# How to startback tension, and when?



## Francesco Villa (Aug 1, 2011)

Hi all, I've been shooting compound with a hinge release for some months now, before that I shot barebow for about one year and half.
One thing I never learned is the use of my back: I've been told "transfer! transfer!" a couple of million times but it's like describing colours to a blindman... I can't understand. Now I switched to compound and started with a hinge release, initially set very slow and used by index finger relaxing while "you learn to use your back". Yeah, very helpful.

One thing I'd like to know is: do you compound shooters start using your back right from the beginning of the draw or is something that you "switch on" after you anchor, or maybe something else?

Thank you
Francesco


----------



## aread (Dec 25, 2009)

The instruction that's helped me the most on back tension comes from Len Cardinale: "the tension of holding is achieved in the back and only in the back. all the rest, hands, arms, shoulders, etc are just hooks and levers".

You will have to use your arms and shoulders during the draw. The idea is to relax the biceps and shoulder tops as soon as possible. 

There is a lot to this. One of the best ways to resources for this is Larry Wise's Core Archery book and video. I found the video to be more helpful than the book.

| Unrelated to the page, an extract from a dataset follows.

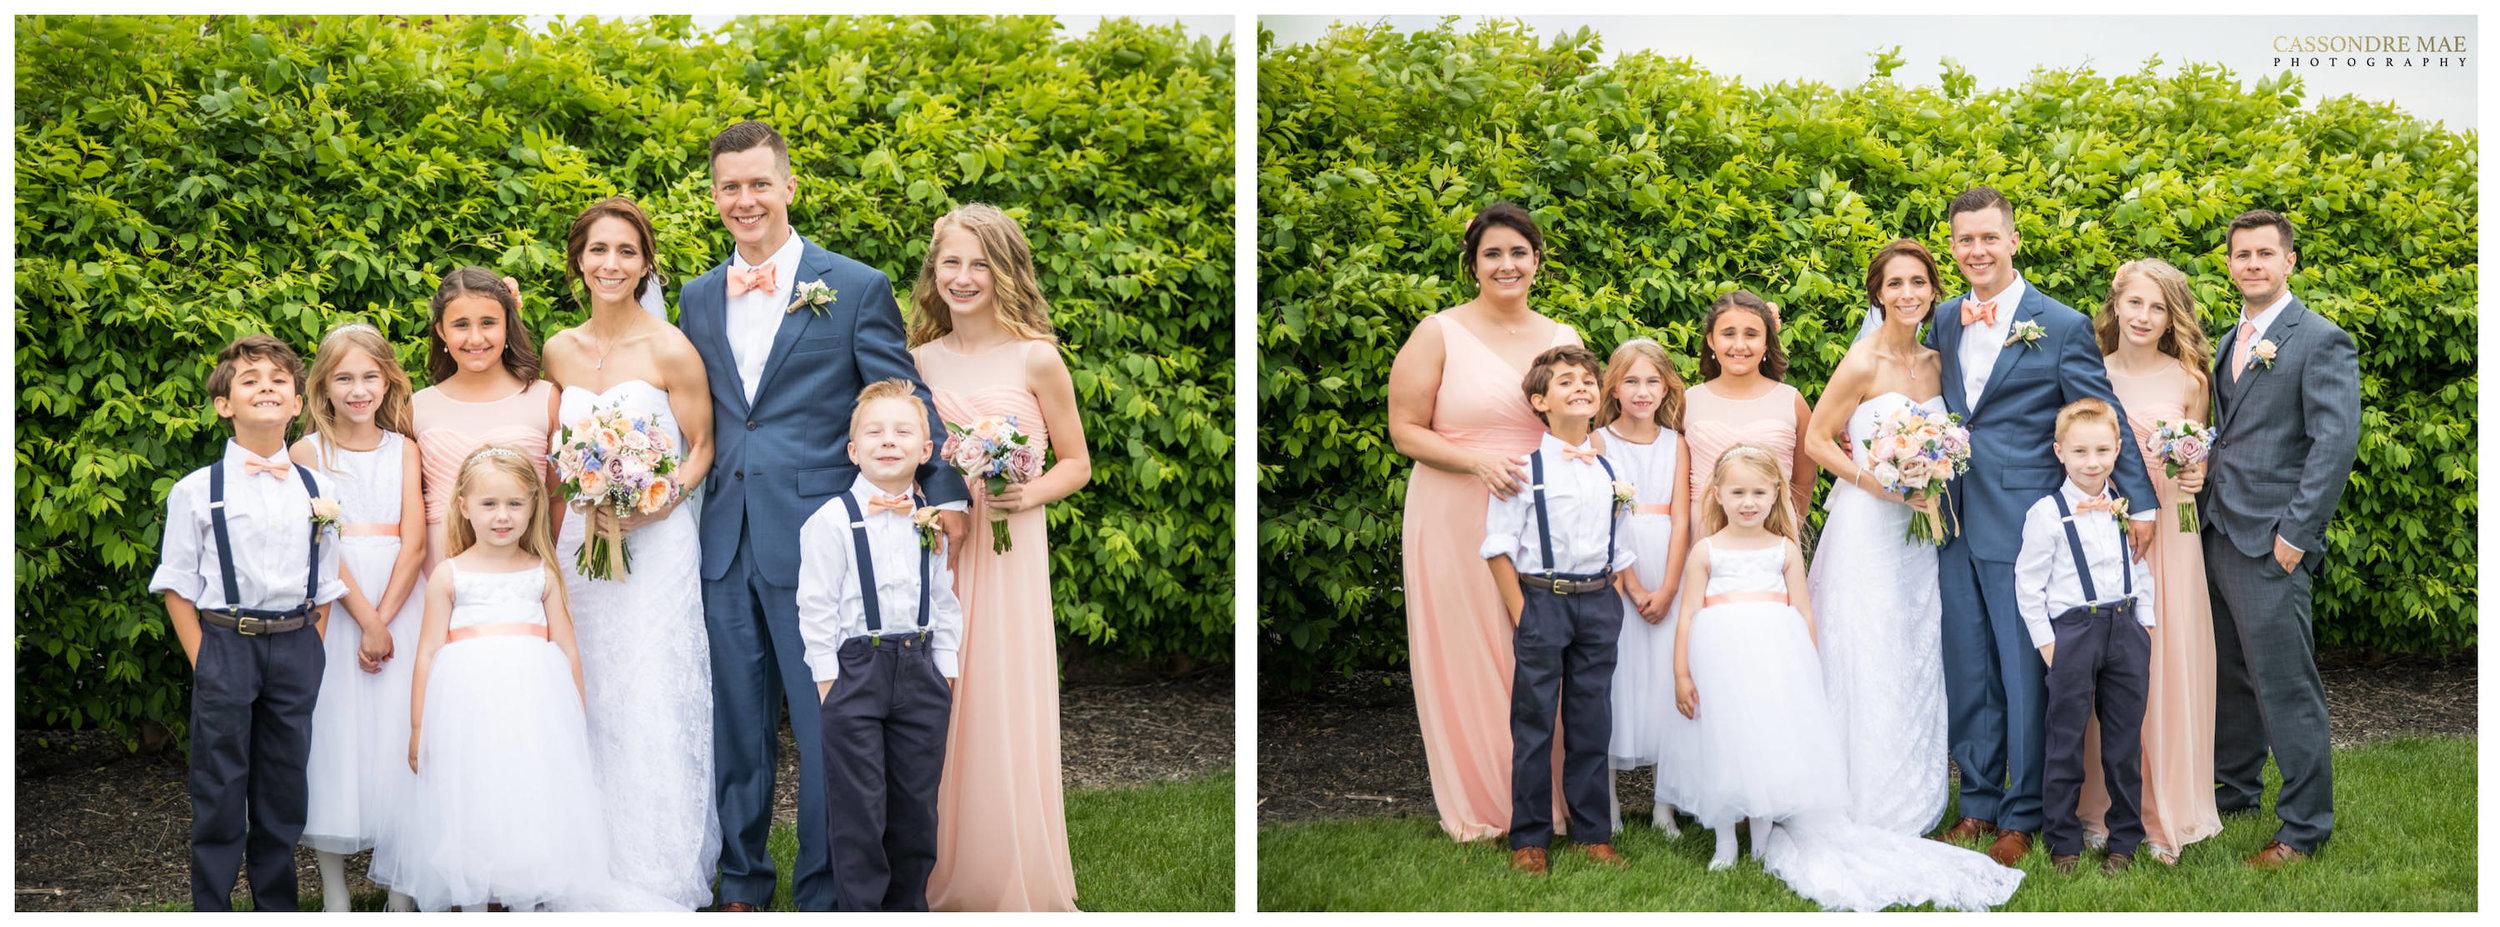 Cassondre Mae Photography Links at Unionvale Wedding 11.jpg

Back tension is really very simple. Unfortunately, it's hard to understand without working one on one with a coach who actually understands it. And it's nearly impossible to learn unless your bow fits you. 

Do you have a coach available? They don't have to be a compound coach, many of the recurve coaches understand it well enough to get you started.

Hope this helps,
Allen


----------



## da white shoe (Mar 10, 2009)

I've drawn a bow several different ways over the years. 
Started with the bow held high and lowered it as I drew back.
Started with the bow held low, raising it as I drew.
Started with the bow held straight out and drew toward my chest... raising my string hand to my anchor after reaching full draw.

None of these worked very well for me once I started using back tension... and all of them probably introduce some torque before you even reach full draw.
The best way I've found to engage back tension right from the start and keep the arm and shoulder muscles out of the drawing process... as much as is possible anyway, is to start with the bow straight out and pointed at the target. Your bow arm should be locked... just a post to pull against. Now, without all that arm movement, you can draw straight back to your anchor... using mostly just your back muscles. Doing it that way, there really isn't a discernible transition from arm/shoulder power to back power. No switch to throw.


----------



## WhitBri (Jan 30, 2007)

I'm loading my back with the tension of the bow during the draw, as I'm reaching anchor I'm dumping all the tension out of my shoulders, etc and straight to the back. You have to set your back first your anchor comes second. You are setting your back first to get to the proper position to start back tension. If you don't do this its tough to be consistent IMO.


----------



## Francesco Villa (Aug 1, 2011)

Thank you for all the replies.
I've tried with a streching band and a release aid, it seems possible now. I'll have to replicate the feelings with 52lbs lol


----------



## TheAncientOne (Feb 14, 2007)

Francesco Villa said:


> Thank you for all the replies.
> I've tried with a streching band and a release aid, it seems possible now. I'll have to replicate the feelings with 52lbs lol


Don't try it with a heavy bow at first, 20lbs is a good place to start if you are shooting a recurve. Once your body gets used to the motions you can increase slowly from there. I hurt my back last year and just started shooting again a few months ago. I used my wife's 24lb bow for a few weeks and slowly built up to 30 lbs. With some work I'll make it up to 36lbs for Spring. I'm in no hurry to reinjure myself again. Now if I can just shoot more than a few times a month I might actually get there.

TAO


----------